ABSTRACT
Currently, the treatment and prevention of cardiac arrhythmias include antiarrhythmic drug therapy, surgery, ablation, and electronic intervention. Antiarrhythmic drugs, which traditionally have been the only method of therapy for many life-threatening arrhythmias, are often unreliable and unsafe in the prevention of tachyarrhythmias. Surgery, such as excision or cryoblation, is considered appropriate only for a small number of patients and is highly invasive. Ablation has become an excellent means for eliminating a number of arrhythmias with well-defined electrophysiological mechanism. However, there remain hundreds of thousands of individuals for whom the mechanism of life-threatening arrhythmia is ill-defined and thus difficult to treat using traditional measures. For these individuals, implantable electronic antiarrhythmic devices, such as antitachycardia pacemakers, cardioverters, and automatic defibrillators, have become the therapy of choice.

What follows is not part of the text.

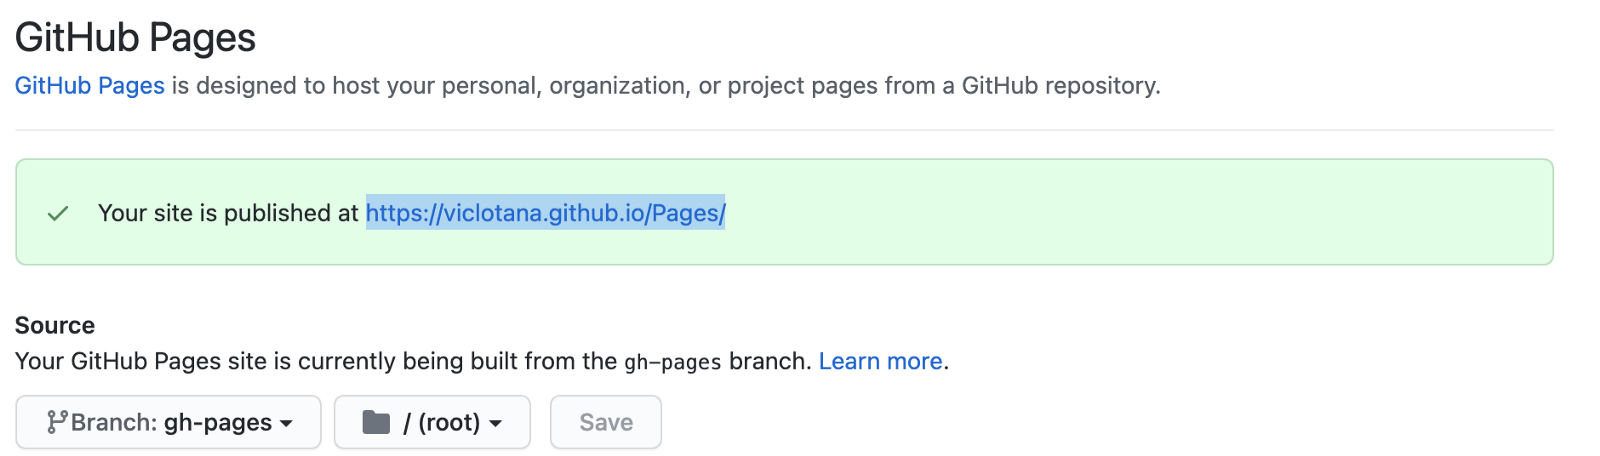 GitHub Pages - your site is published at, and the URL.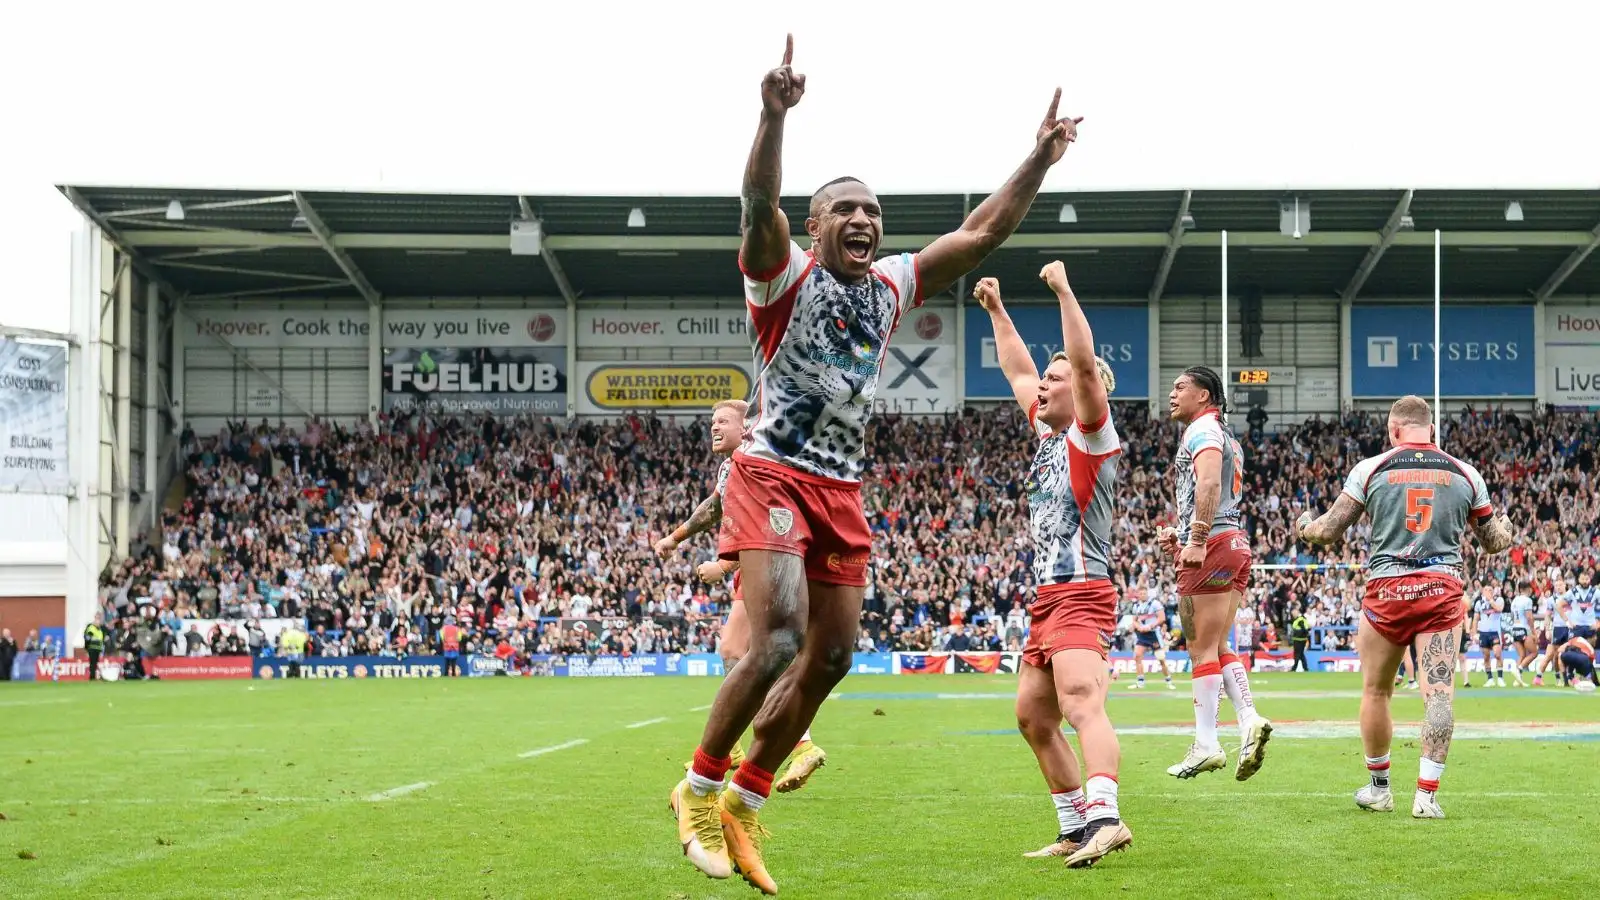 Edwin Ipape discusses Leigh Leopards’ desire to silence doubters and how they’ve done just that ahead of Challenge Cup final

Other implantable devices, such as drug-infusion pumps, have also been developed [1] and show promise for future antiarrhythmic therapy. Such devices offer a variety of therapies, each tailored to a specific arrhythmia. Implantable devices are expected not only to administer appropriate therapy in the presence of an arrhythmia, but also to monitor the heart for extensive periods and recognize the need to administer preventive therapy before severe
dysfunction occurs [2,3]. Detecting the presence of an arrhythmia requires these devices to have automated detection schemes with high sensitivity and specificity that are immune to changing clinical conditions, such as changes in drug therapy, lead configuration, and physical activity. Automated arrhythmia recognition requires a quantitative description of arrhythmias in terms of standard signal analysis and processing techniques.